И стала ее бесцеремонно разглядывать. Чувствуя это, Лена особенно долго расстилала газету, наконец примостилась на краешек, боясь поднять на начальственную толстуху глаза. Марии Трофимовне Лена не понравилась — тощая, глаза большие и слишком распахнутые, носик кукольный, губы вишневые, припухлые — словно она их сама себе искусала, щеки — ишь ты! — с игривой ямочкой и такие яркие. Чай, не девица, могла бы их хотя бы пудрой пригасить, что ли.
— Ну что, Лена, обидели тебя: совратили, позабавились и выкинули на помойку жизни? Ведь так?
Лена молчала, и Мария Трофимовна продолжала:
— Ты не стесняйся, я ведь с тобой как мать говорю. Война обнажила человечью суть.

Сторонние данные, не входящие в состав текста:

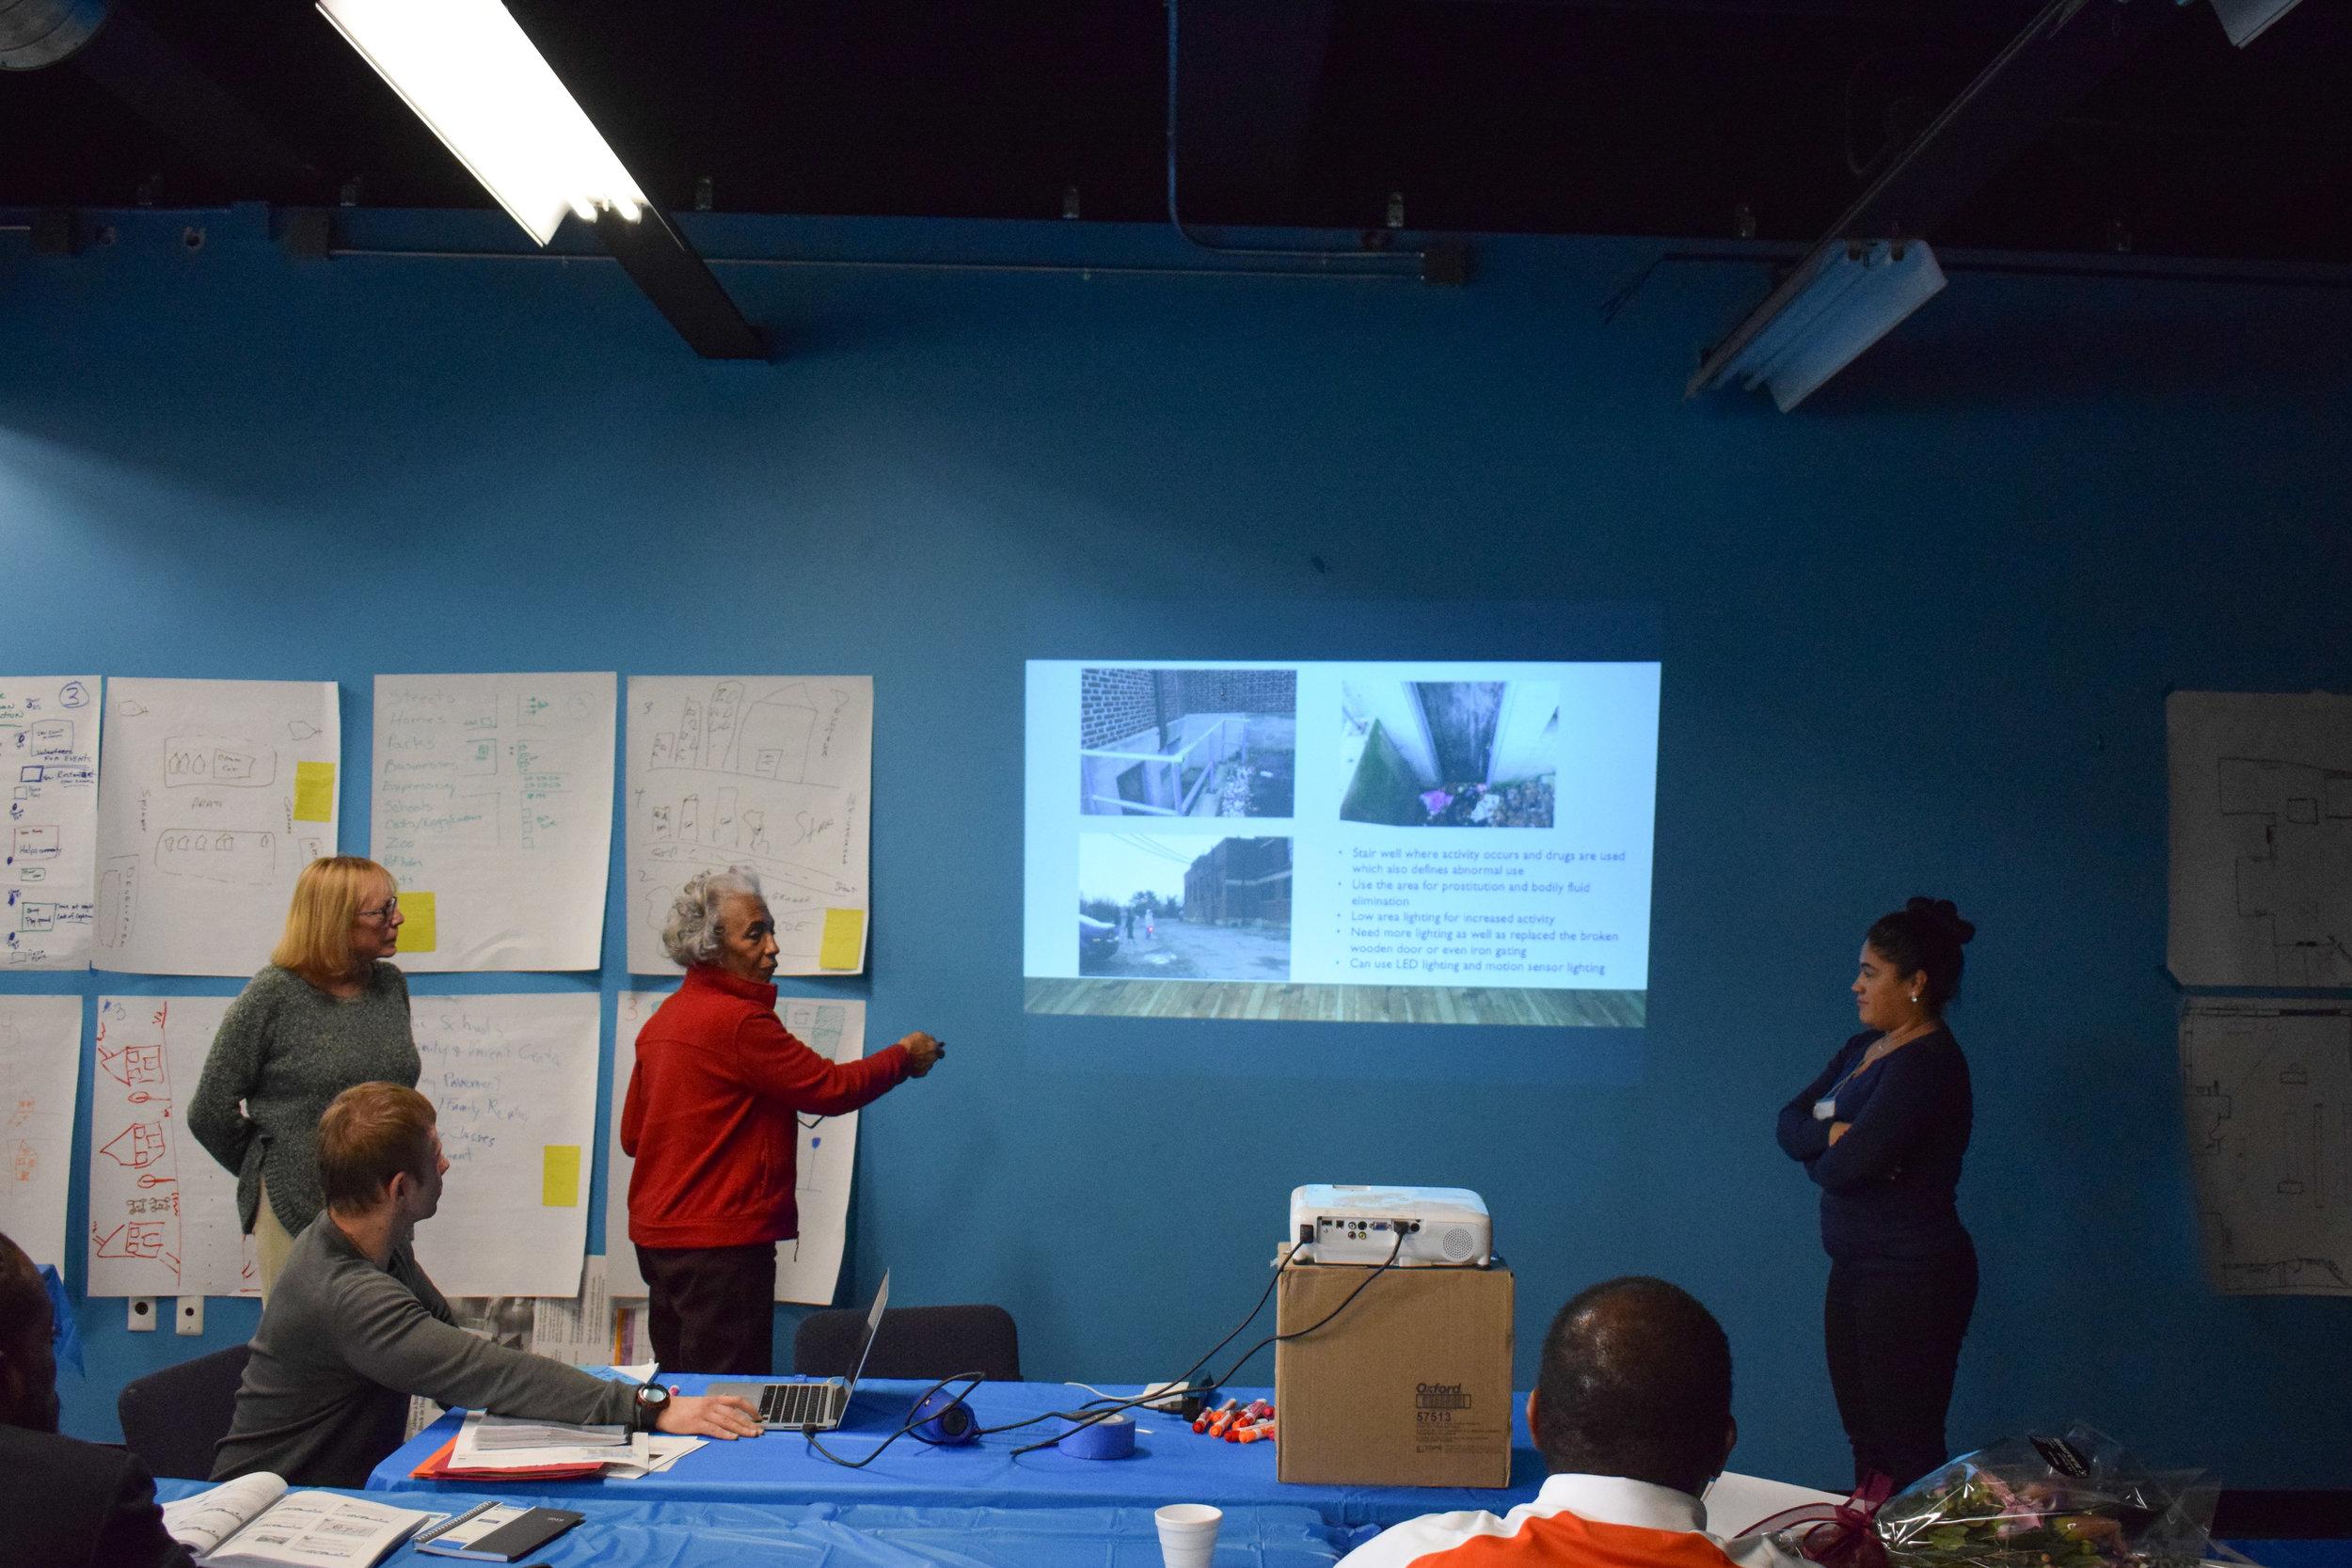 Burlington Avenue Block Club leaders brainstorming neighborhood safety strategies in a Crime Prevention Through Environmental Design workshop

Из людей, из мужиков особенно, вся дрянь наружу поперла. Раньше было спрятано, под замочек положено, укрощено кое-как; а тут трусость, жадность, похоть — все выскочило.
Бивень замолчала, подождав, пока трое военных пройдут мимо, закурила сигарету и, развернув могучий торс в сторону Лены, продолжила:
— Твоему ребенку сколько?
— Танечке четыре года.
Лена произнесла это холодно, отрывисто, словно интонацией желая спросить: «Зачем это все вам?»
— Вот видишь — уже четыре года, — не обращая внимания на ее интонацию, продолжала Мария Трофимовна. — А ты о ней не заботишься вовсе.
— Почему вы так говорите? — От обиды голос Лены задрожал.
— Ты же не девочка, чтобы задавать подобные вопросы. На алименты не подала? Не подала! Благородством мир удивить хочешь? Так благородство мир разучился ценить еще до вселенского потопа, милочка.
«Господи, какая скверная женщина! — подумала Лена, поеживаясь, словно от ветра. — И зачем я, дура, только согласилась на эту встречу? Она меня будто раздевает всю…»
— Благородство здесь ни при чем, — наконец сказала она. — Я не ради денег сходилась с Иваном. — Голос ее звучал ровно. — Потому и на алименты не подала. Тем более что ребенка я сама воспитать в состоянии.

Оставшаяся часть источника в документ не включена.